» **Work order**
Only the text should come through, so restate the listing exactly and drop its images.

» **Stored data**
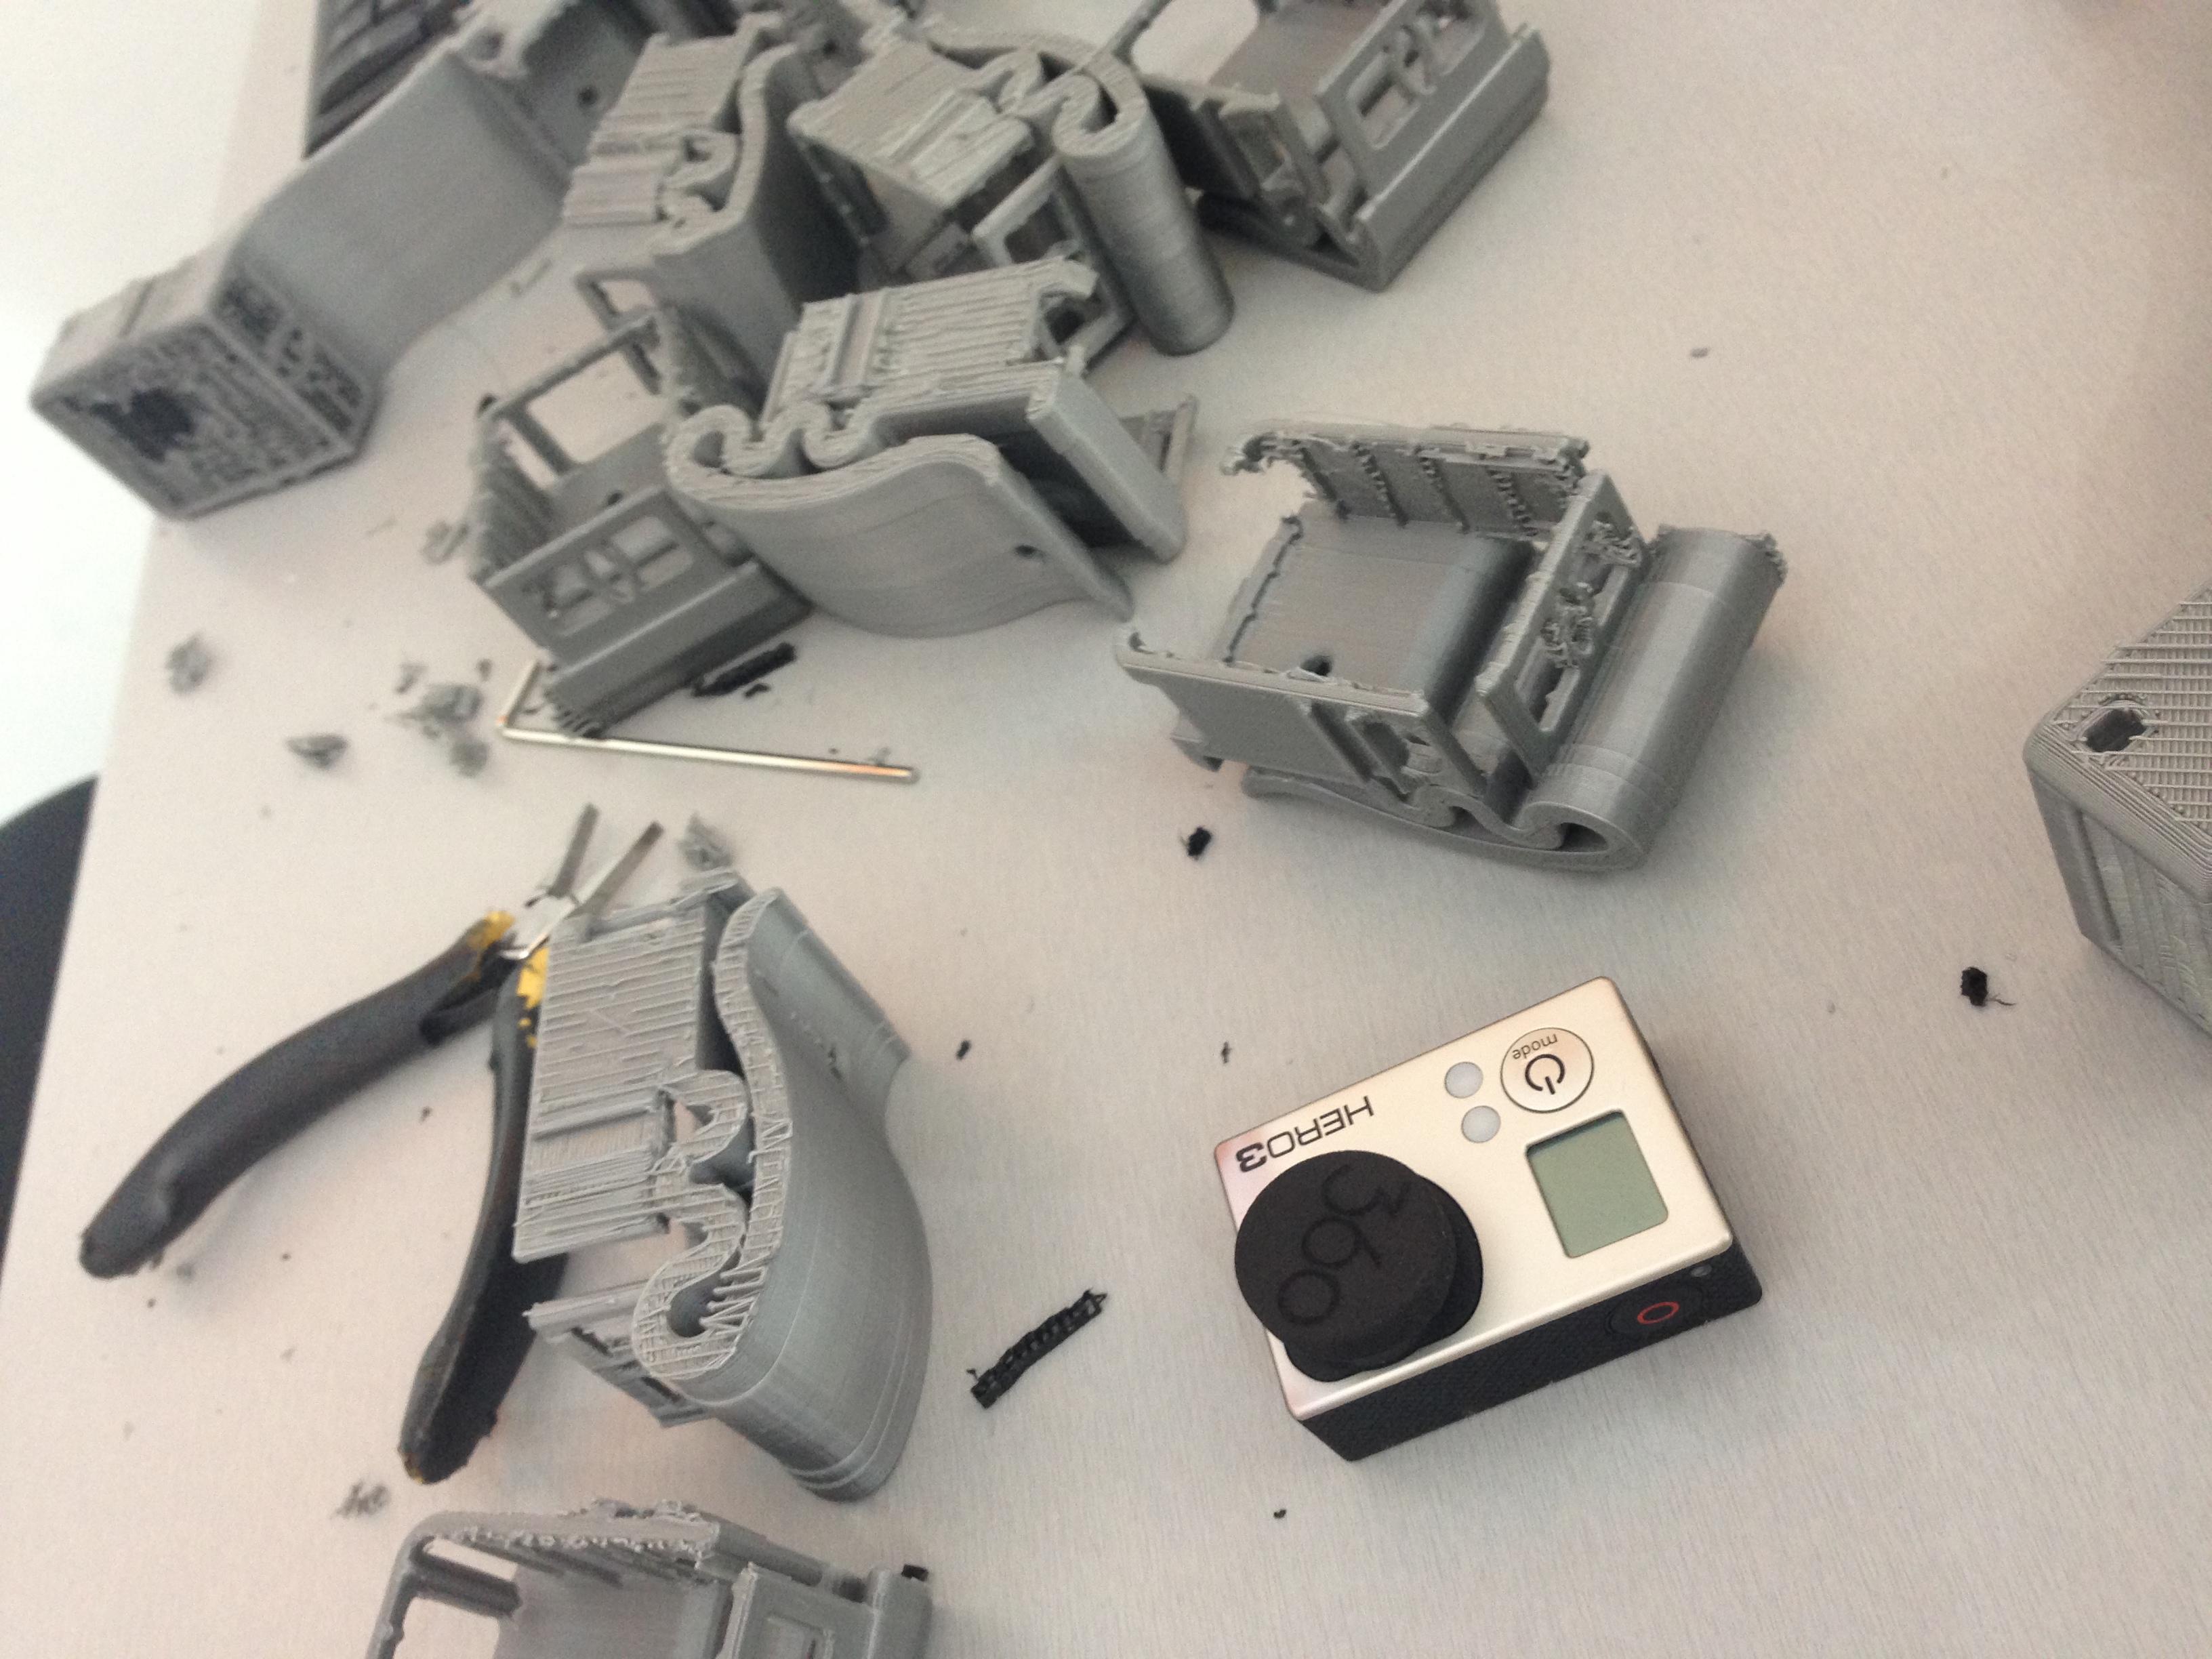 3D printer |360 video
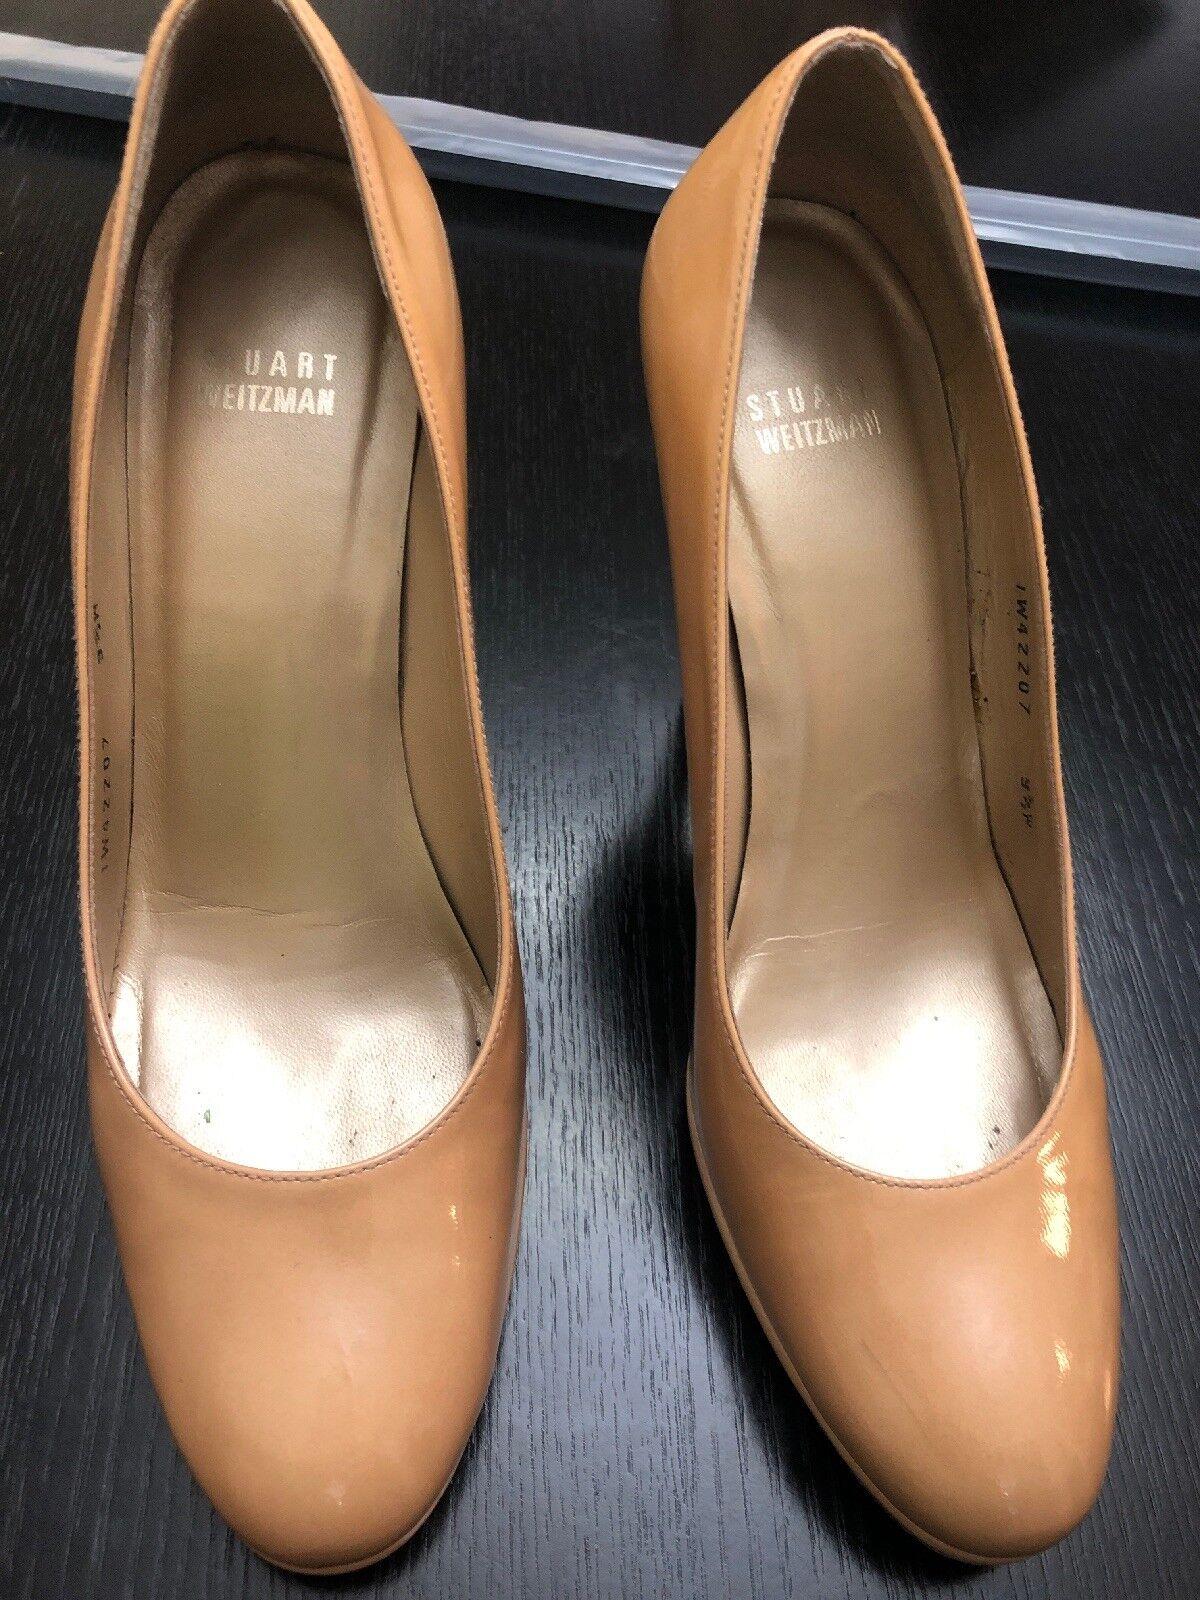 Stuart Weitzman Platswoon Patent Platform Pump, Adobe 9.5 W Women's shoes Tan
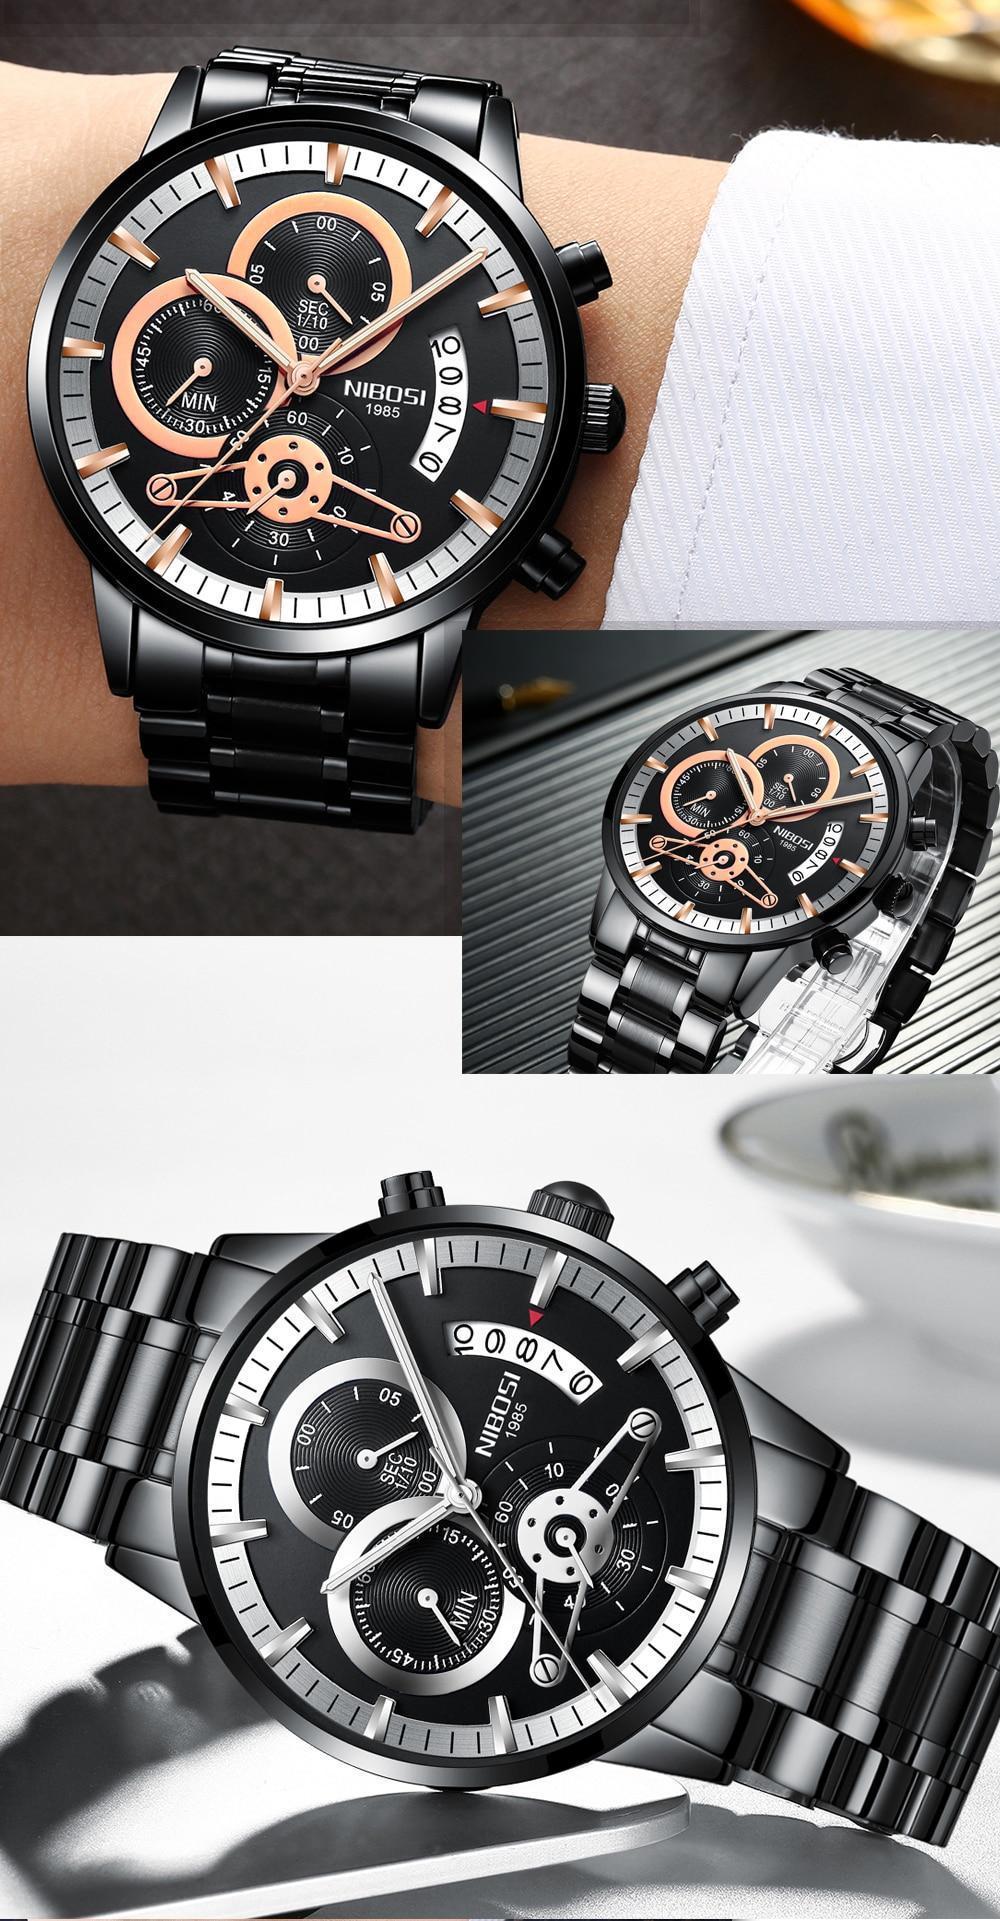 Relogio Masculino NIBOSI Luxury Men's Wristwatches Stainless Steel Sport Clock Man Gold Male Watches Top Brand Business Watch  (8)

» **Response for this exercise**
 3D printer |360 video
 Stuart Weitzman Platswoon Patent Platform Pump, Adobe 9.5 W Women's shoes Tan
 Relogio Masculino NIBOSI Luxury Men's Wristwatches Stainless Steel Sport Clock Man Gold Male Watches Top Brand Business Watch  (8)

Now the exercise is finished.